## Task
In the entries that follow, find the line containing "Custom Name Necklace - Old English" and the line containing "AR-1777-6E ceiling light", then copy exactly everything from the first through the second except the pictures.

## Data extract
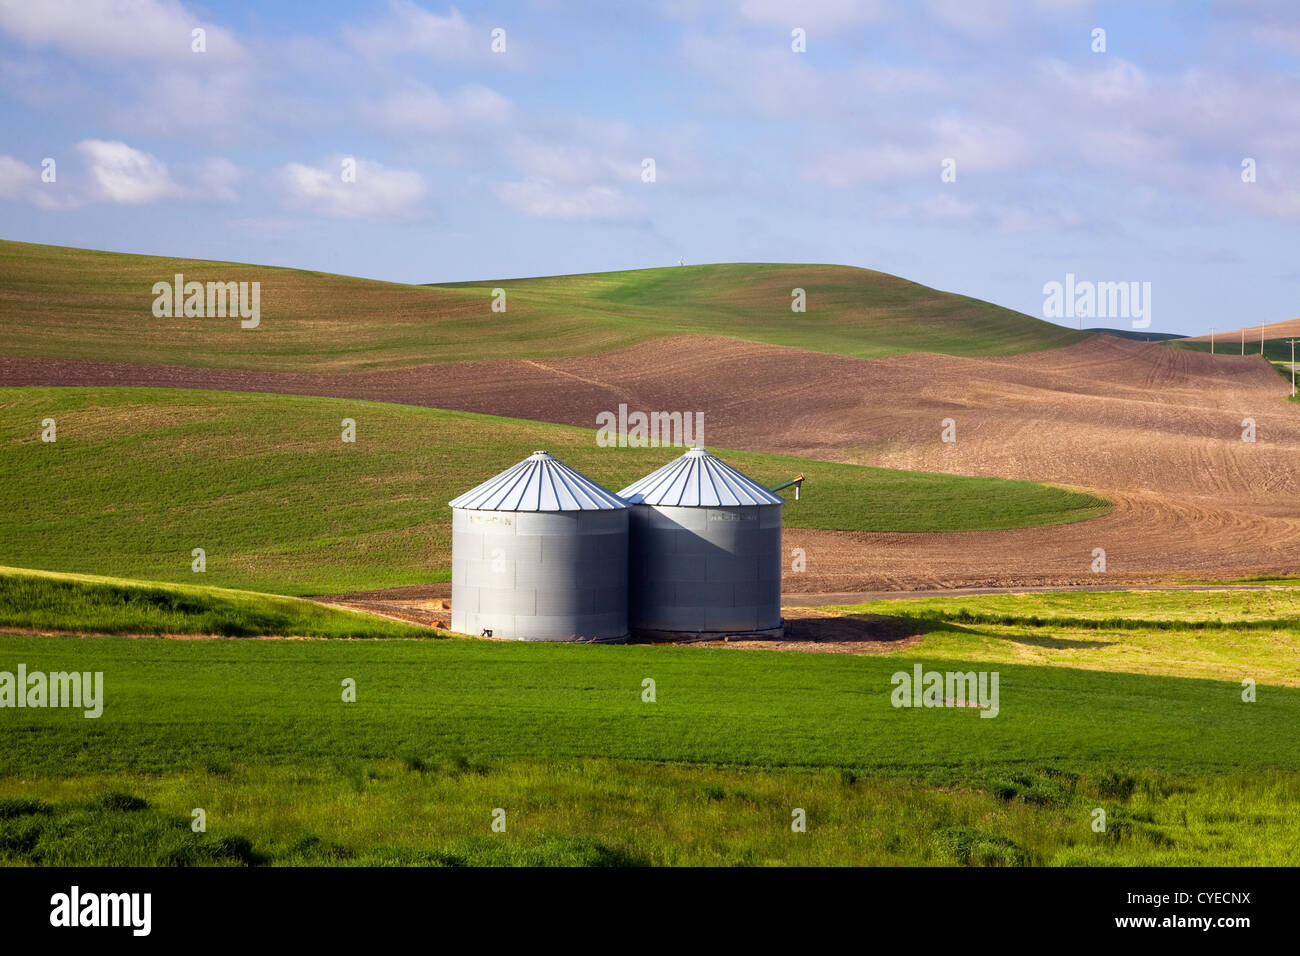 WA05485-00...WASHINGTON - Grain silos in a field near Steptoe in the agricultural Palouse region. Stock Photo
--
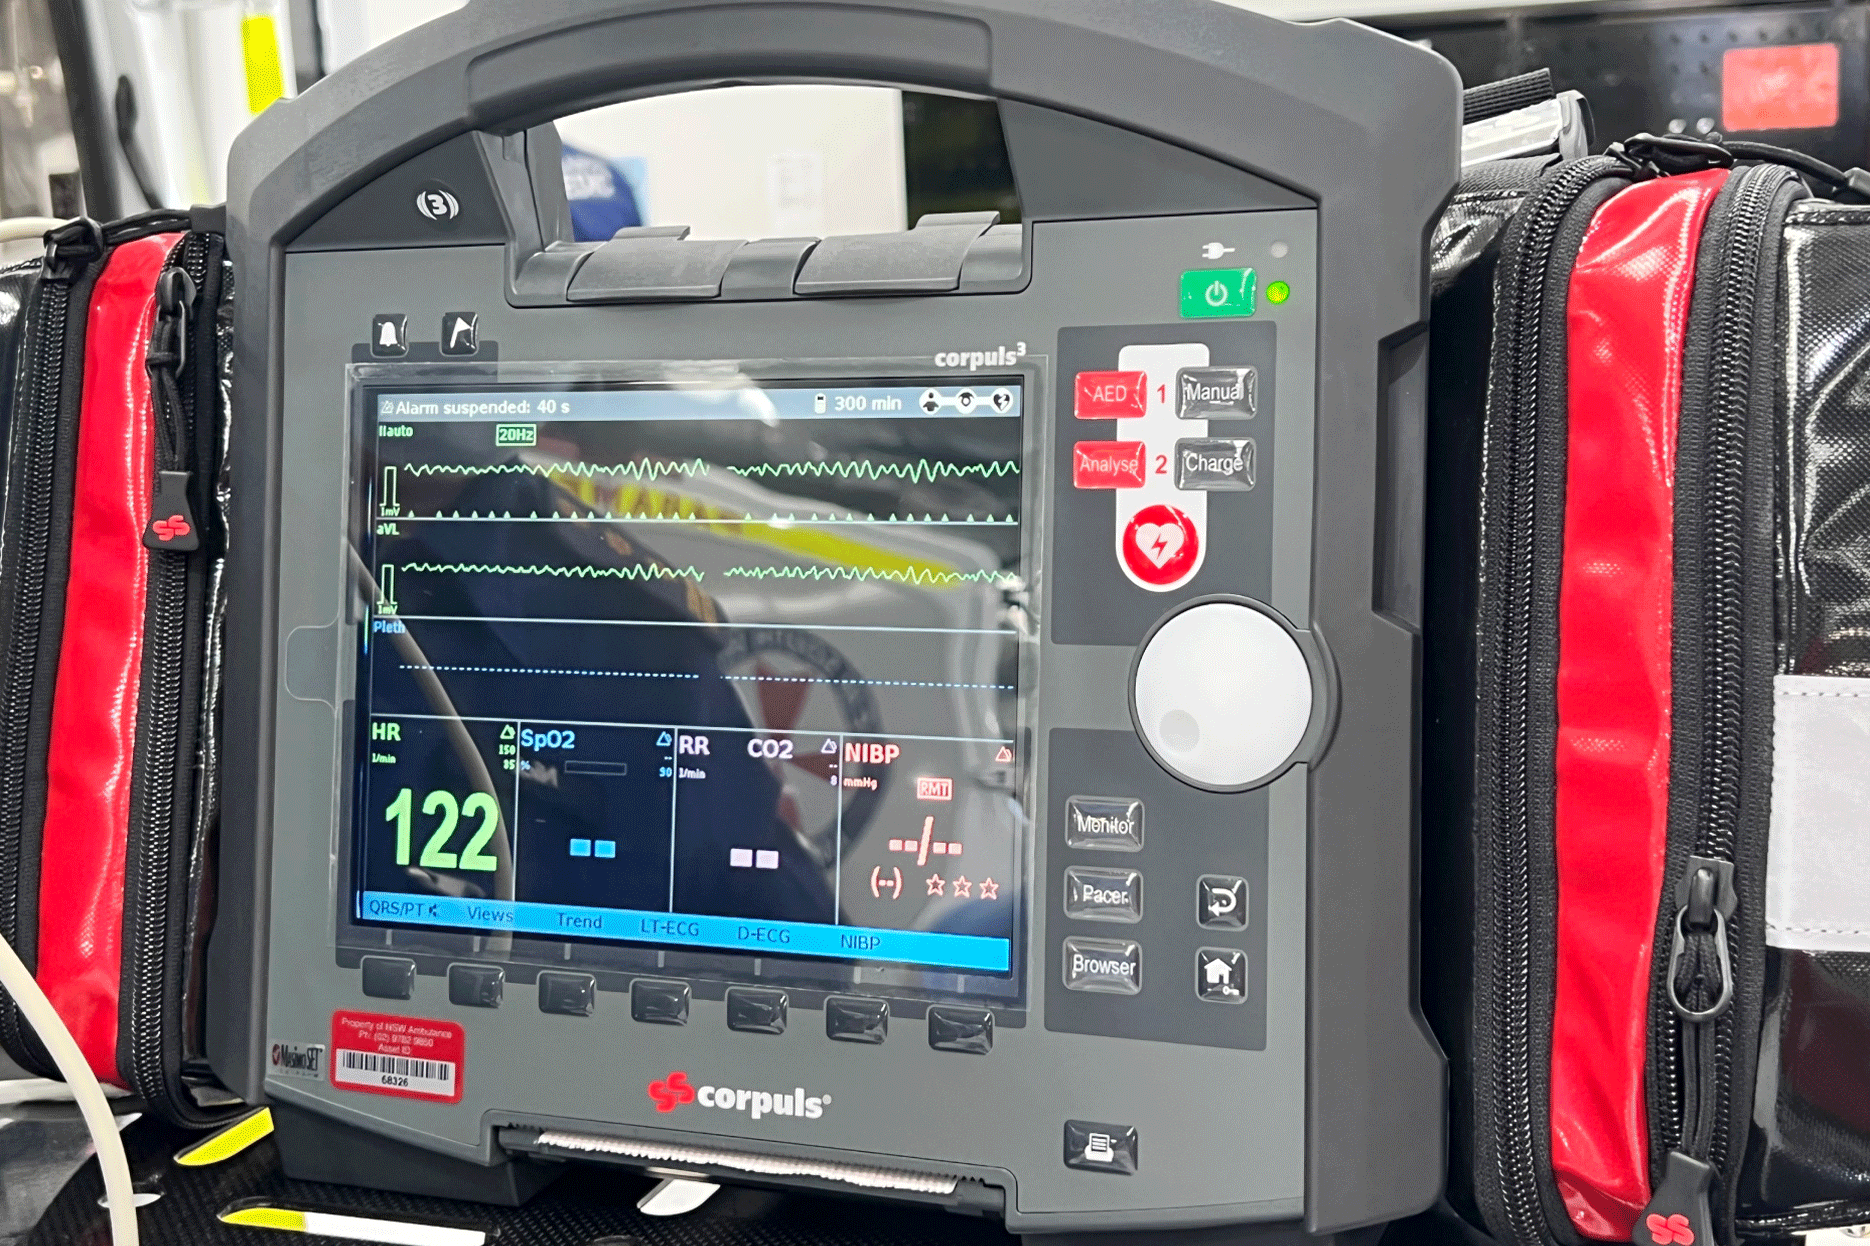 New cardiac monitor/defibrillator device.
--
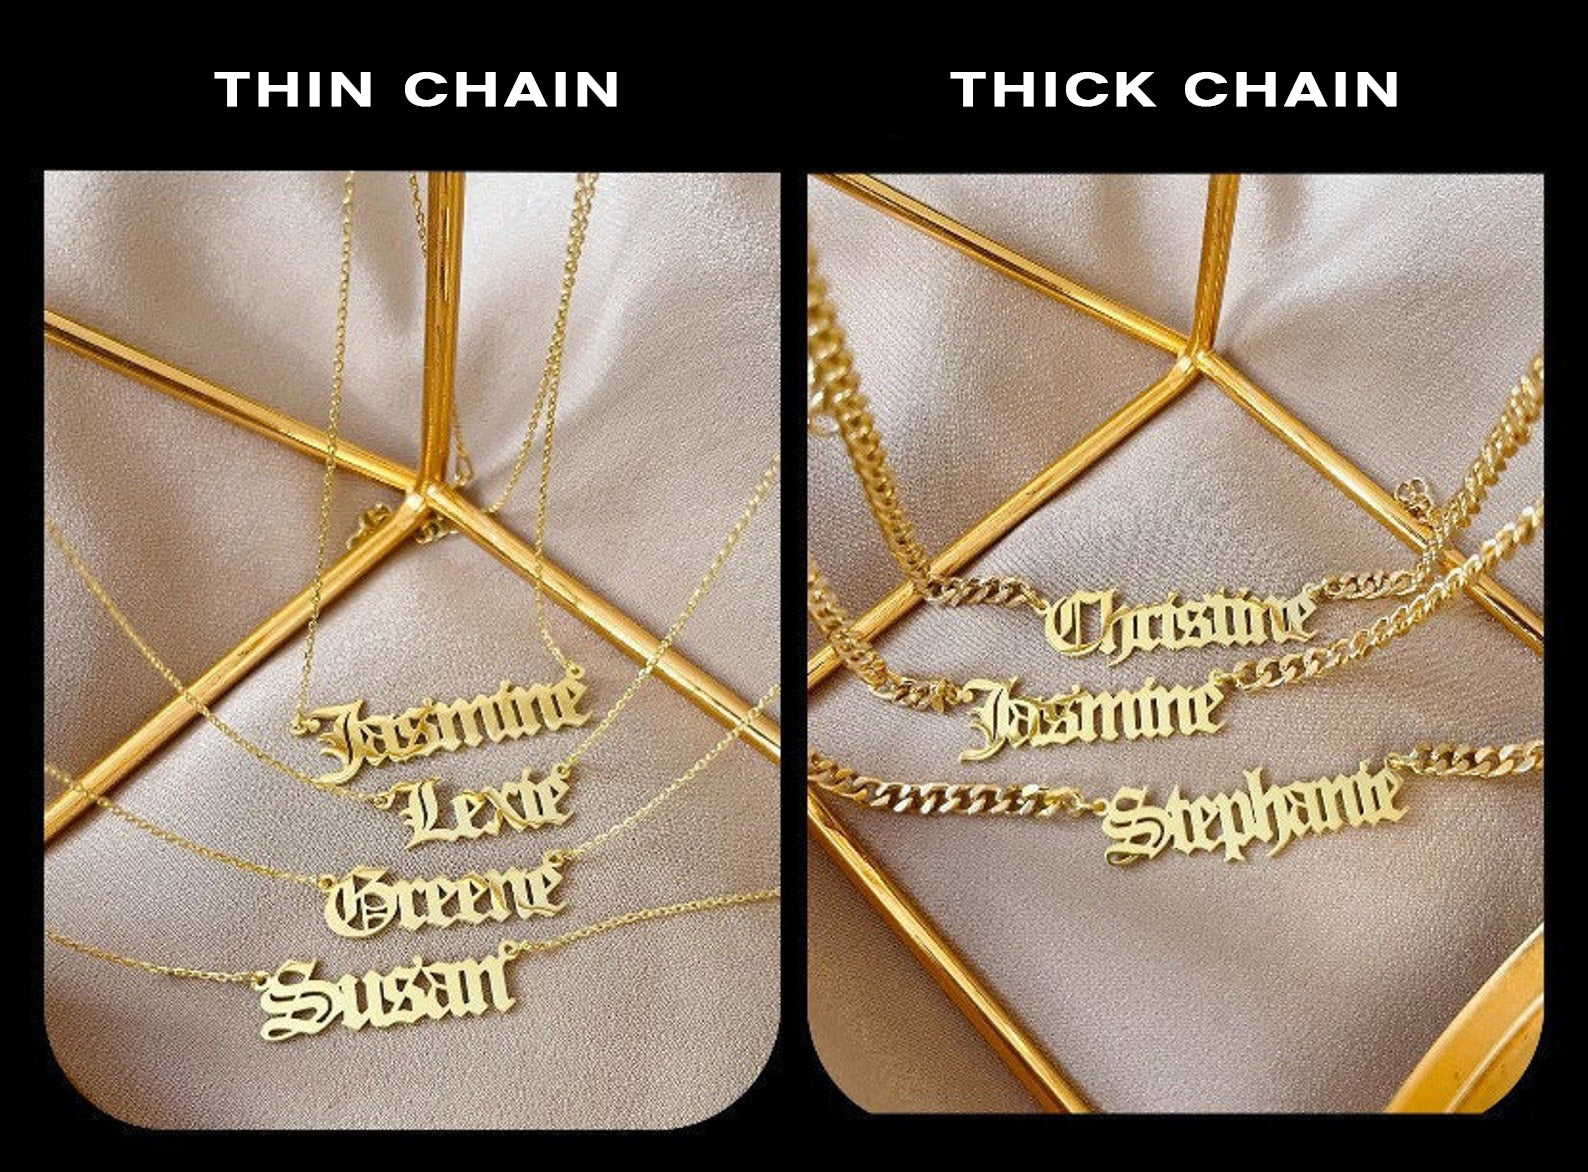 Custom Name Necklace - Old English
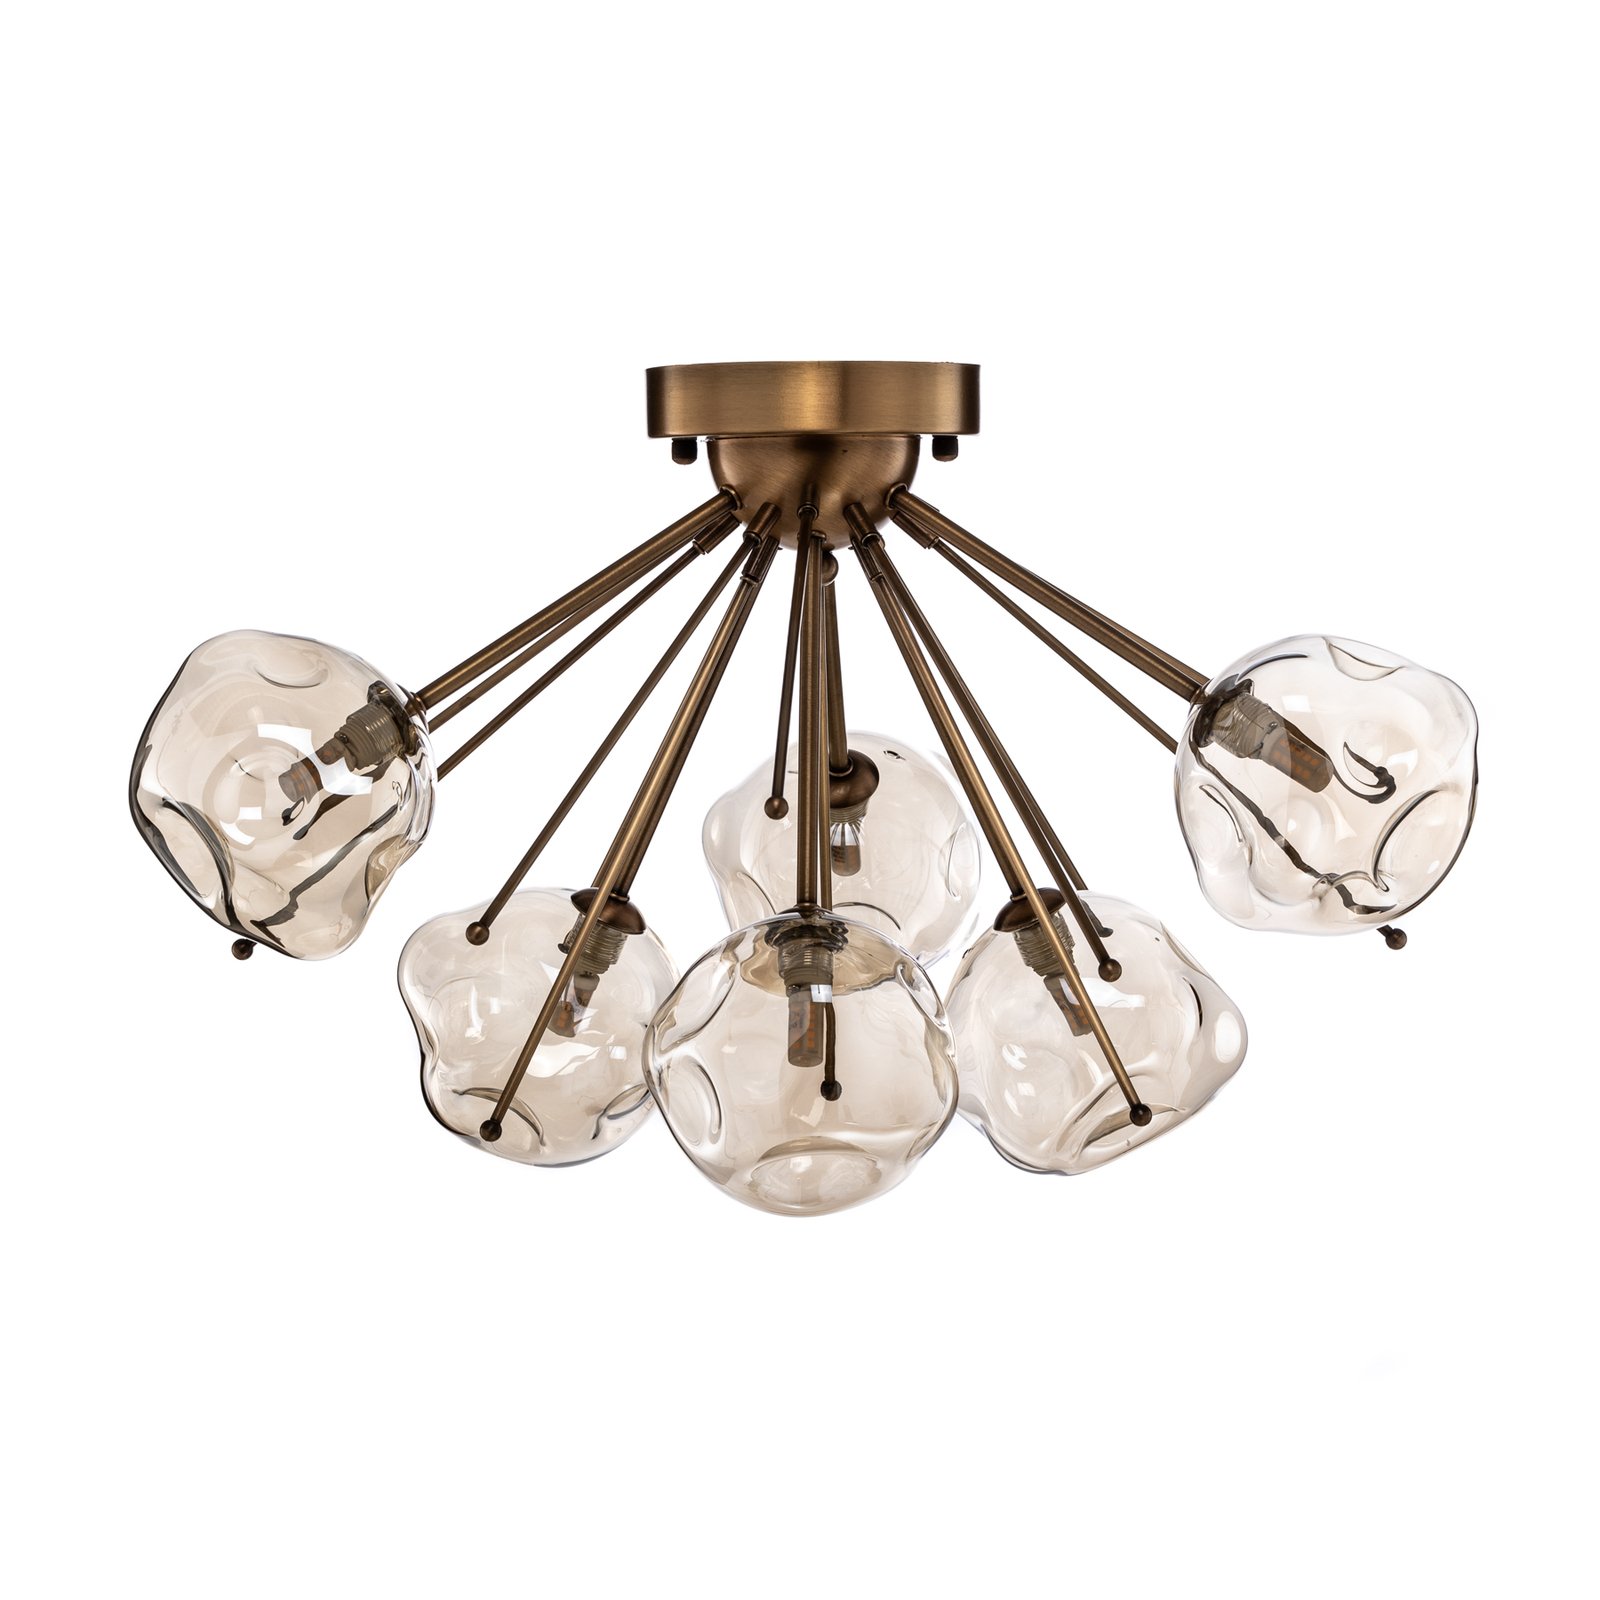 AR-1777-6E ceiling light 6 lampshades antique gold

## Exercise answer
 Custom Name Necklace - Old English
 AR-1777-6E ceiling light 6 lampshades antique gold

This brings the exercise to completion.